Industrial Robot -->



Humans develop emotional connections to things that are alive, because of the ways they behave and what they communicate. They develop emotional connections to things that are not alive (such as dolls and toys) because of the ways those things reflect and imitate life. I'm arguing that we don't develop emotional connections to industrial machines because they do not engage us mimetically. See? Look at it. Feeling any mimesis going on? If you are, then you have a power tool fetish and you probably should see someone.
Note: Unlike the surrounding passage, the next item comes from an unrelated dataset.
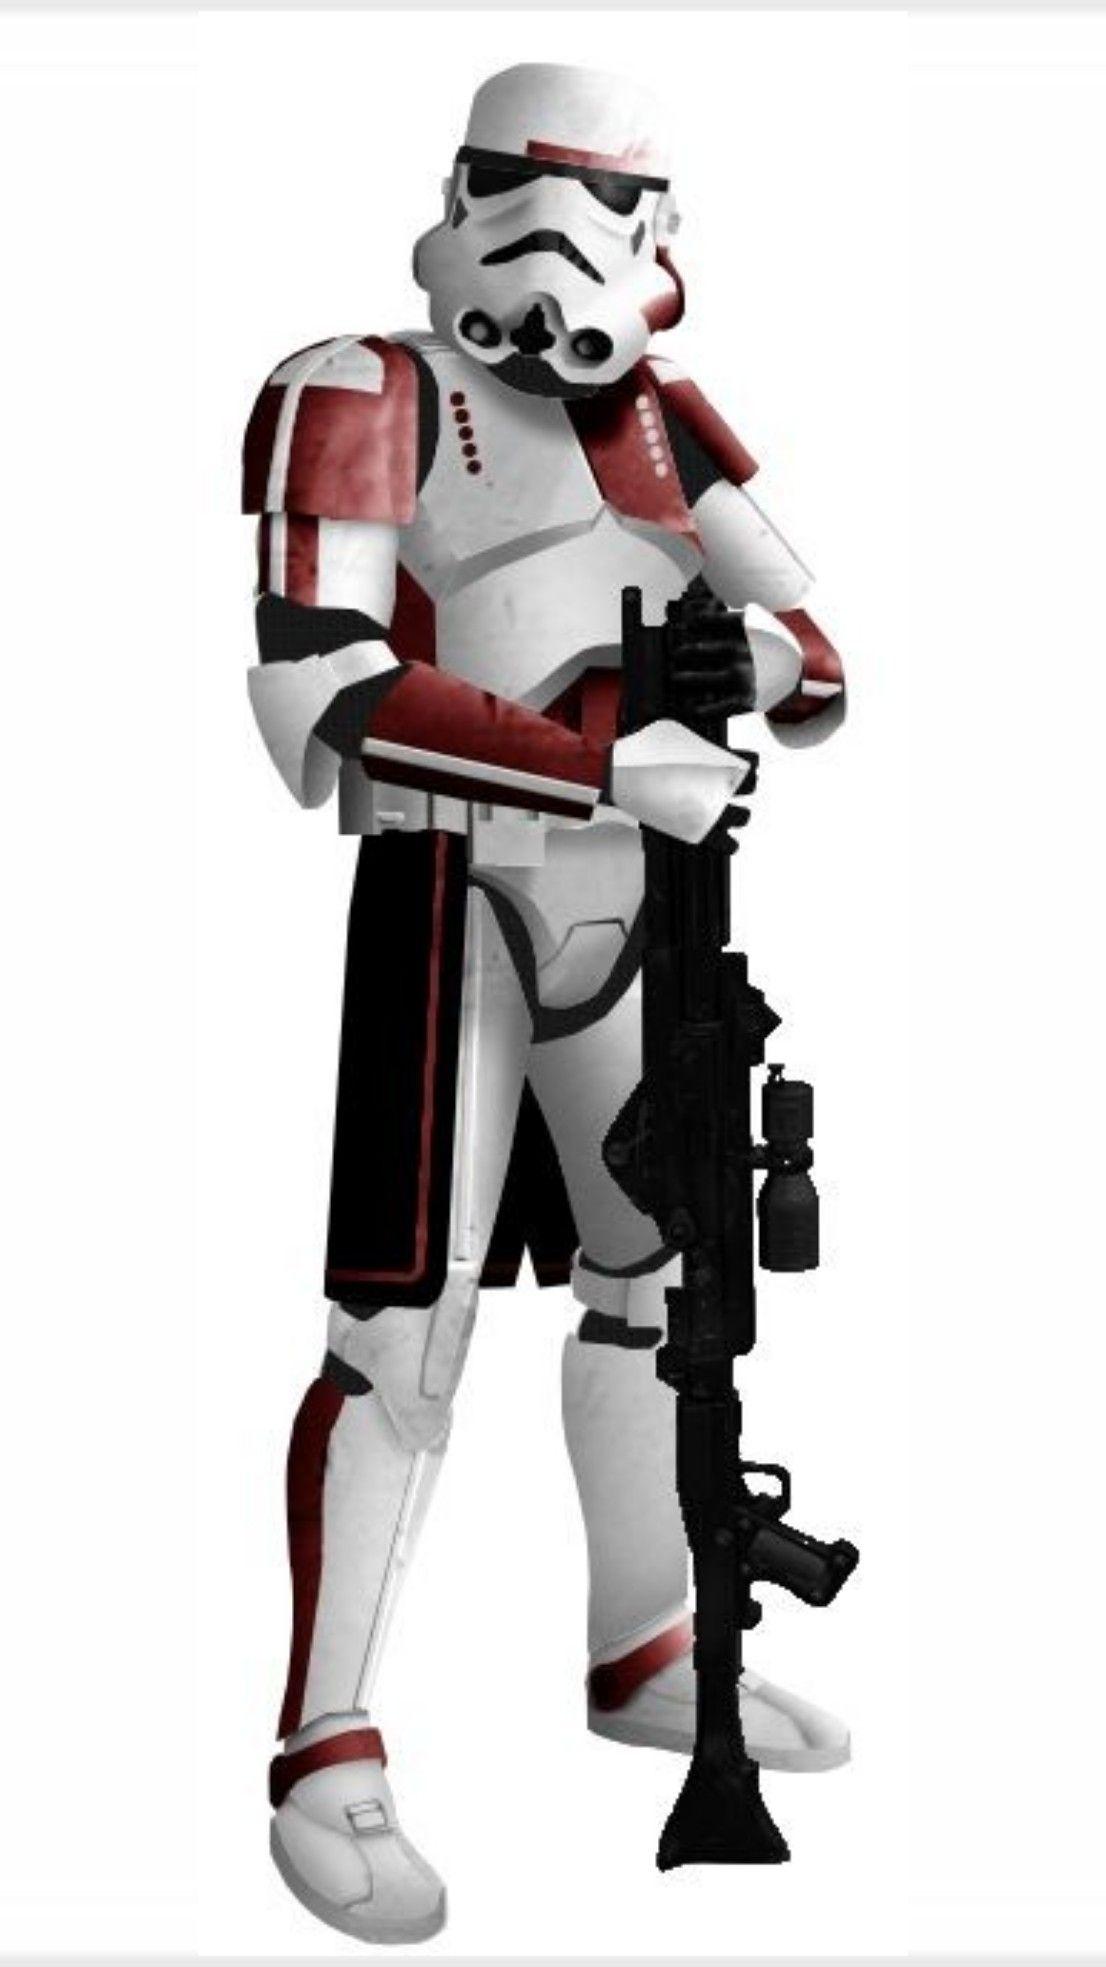 stormtrooper wars pictures wars characters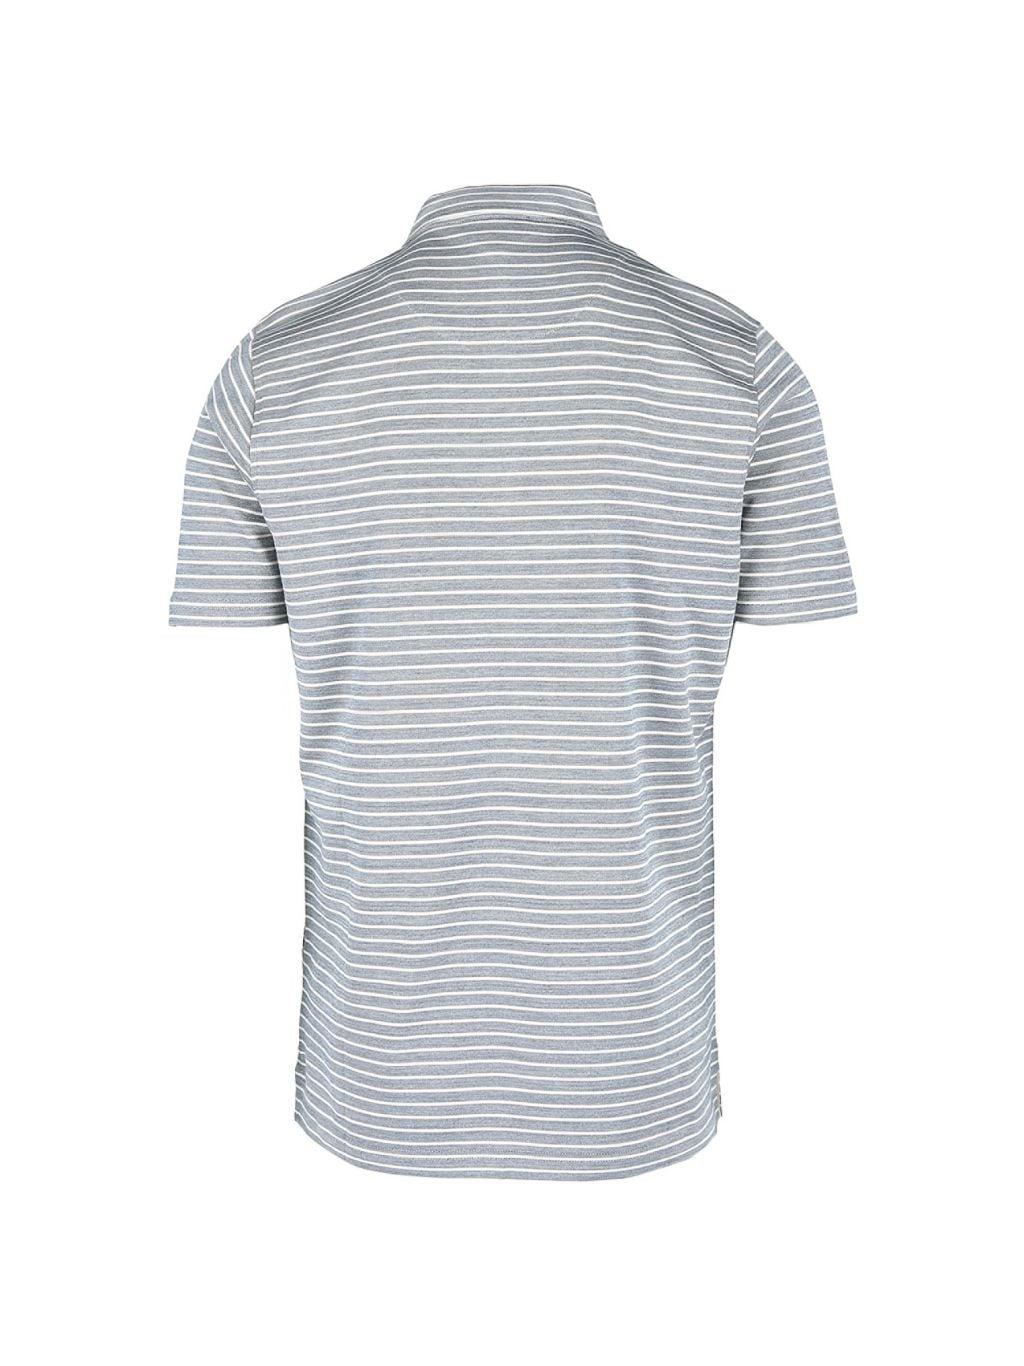 Dunhill Regular-Fit Cotton & Silk Stripe Polo

Social Robotics, in brief, is the study of how robots can learn to gather, process, and generate emotional information, so that humans can form emotional connections to them and so that robots can respond well to human needs. This is where we, as scholars of performance and human interactivity, come in. I have had some fascinating discussions with Reid and Heather about the nature of this project. In my view, it's all about performance; robots and humans do not actually need to feel emotions in order to engage emotionally. We all just have to appear to be engaging. That's what an actor does, and it works just fine, but that's also what humans do - as Mark Twain famously wrote, the moment that a baby human realizes that it will be picked up and cuddled if it cries whether it is feeling distressed or not it becomes devoted to a lifetime of lies. Consider this exchange, which I hear every day:

A: How are you?
B: Fine.

Perhaps that is needlessly cynical, but I have a lot of thoughts on this topic that I am cauldroning around in my head right now. Bubble, bubble. Heather's work is about performance robotics: you have got to see her design work on this OK-GO Video. So for the TEDxCMU conference, as what I have come to think of as a "third-act curtain raiser," Heather and I and Data did a little informational standup, and the crowd got a workout as well. Data did a monologue I wrote for him called "Hath Not A Robot Video Cameras" and I thought he was really excellent.

Much, much, much more to come, I hope.